Bill Kelly, BNY Mellon

Smith: It wasn’t that rising tides lifted all programmes, though falling tides pushed them all in the same direction. There are a lot of different parameters between the different client types. The shift from predominantly cash to predominantly non-cash collateral has a greater effect on some of our clients who don’t have as much flexibility around accepting equities as a specific case of non-cash collateral. Trend-wise, I would certainly agree that many clients saw their revenues fall in 2017 because of their concentration in securities types that have been special for the last few years. The types of clients that will continue to take value out of this market are beginning to change again. Post-crisis, everyone fell to the mean and de-risked. Now many clients are more open-minded and willing to look at other avenues.

Sachs: I work with a global team of specialists that focus on the governance and implementation of investment operations. One portion of our remit is to advise clients on securities lending. There was a fairly quiet period from 2010-2015 where there wasn’t a lot of interest from end investors. Early in 2017, we started seeing more enquiries than we’d seen in the previous two or three years together. Not all of those enquiries resulted in new commitments to programmes, but it’s a marked difference from 2012. People are starting to warm up securities lending. The tide has turned.

Pollackov: I run a global team that deals with capital markets for the power shares ETFs specifically. In terms of revenue generation from lending for the ETF business alone, actually there is no revenue generation for Invesco shareholders, it’s actually a revenue generation for the ETF shareholder. All the proceeds go back to the NAV in terms of reinvesting, except for a small percentage that gets consumed by the actual lending agents that we use as a third party. We’re ultra conservative in that space, at least here in the US. We’re so conservative in Europe that we stopped doing it in 2016 altogether.

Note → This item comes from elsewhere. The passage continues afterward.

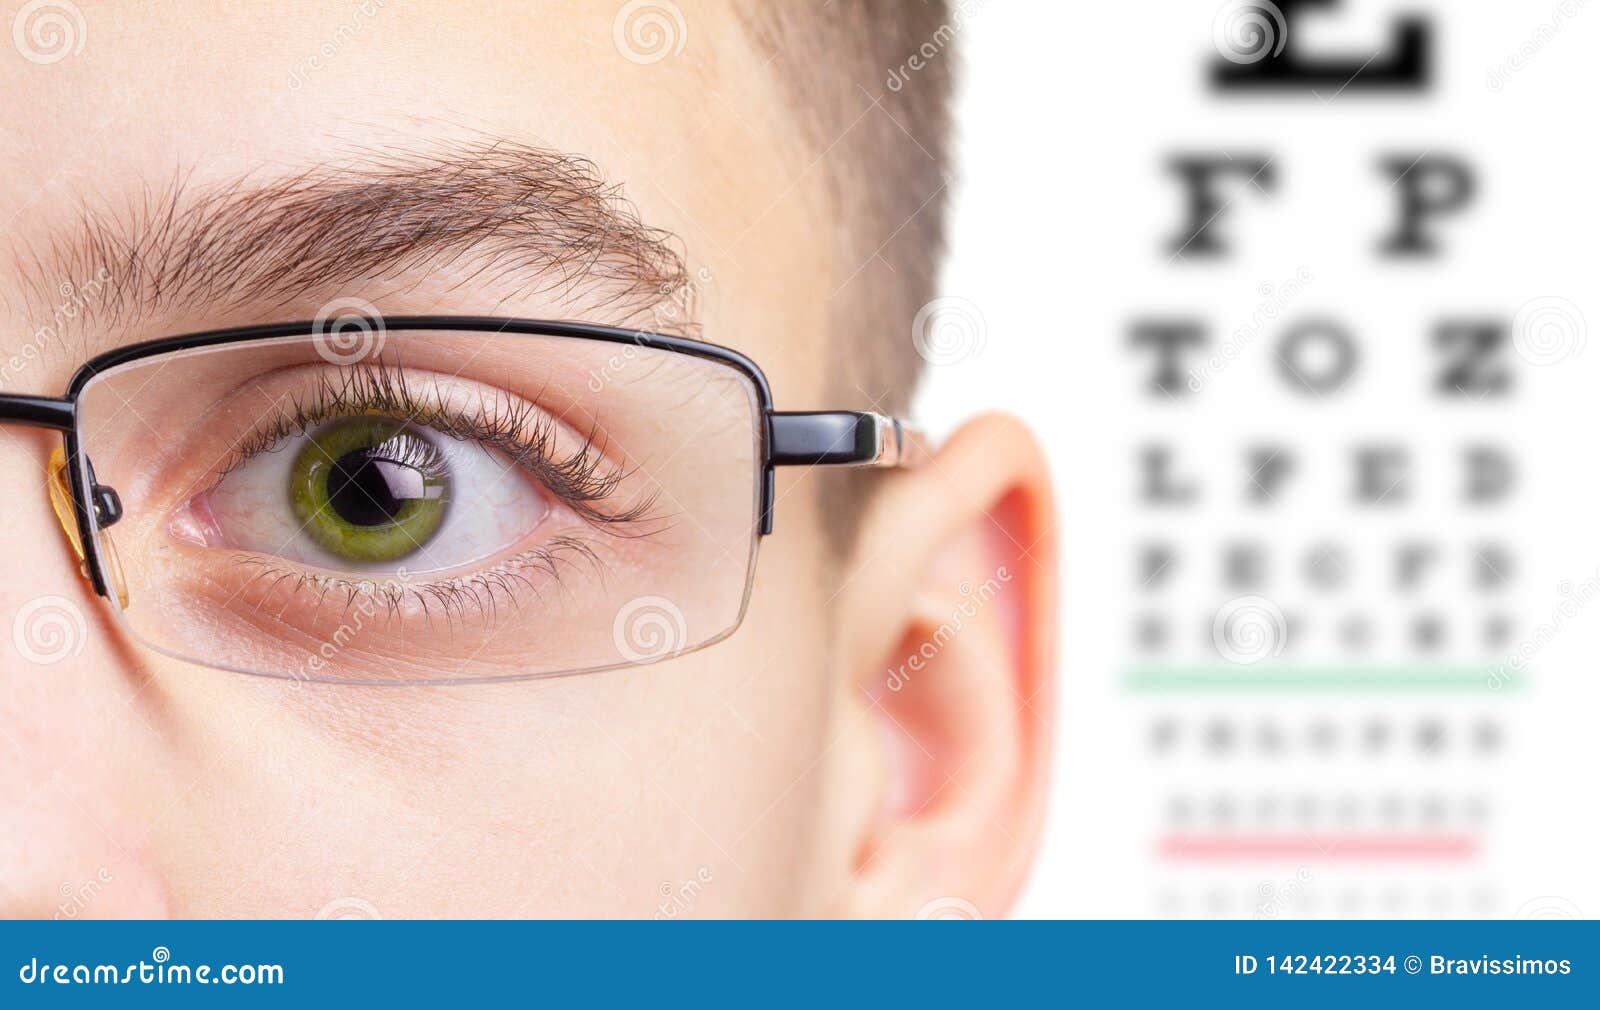 Начала падать зрение. Тест на очки для зрения. Контактные линзы корейские близорукость. Поляризационные линзы оптометрия. Магнитные очки для глаз для зрения.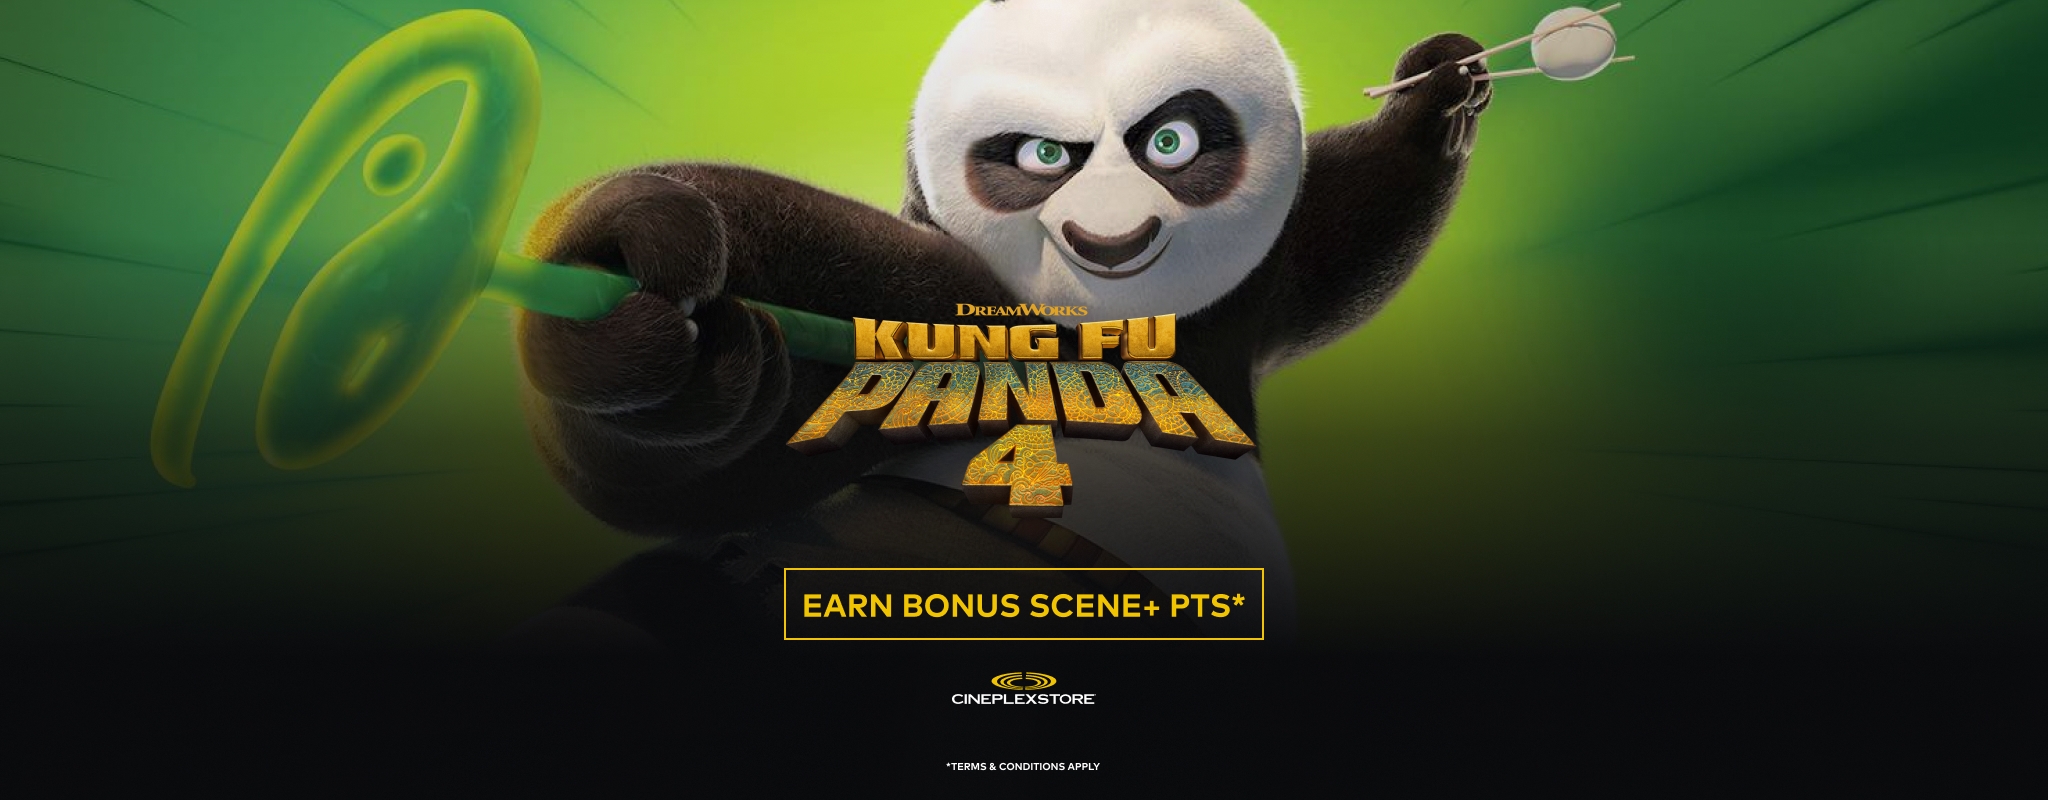 STORE: Kung Fu Panda 4 Bonus Offer

Allen: ETF lending is one area to watch over the next couple of years. The lendable value has increased 50% year-over-year for ETF availability. We recently reviewed ETF activity in our Client Performance Reporting tool, which allows agent lenders to assess beneficial owner clients’ program performance, and we saw a 21% increase in the number of accounts enrolled in lending that are now holding ETFs. There are challenges that remain – regulatory, liquidity, settlement concerns – but it is definitely a growth area.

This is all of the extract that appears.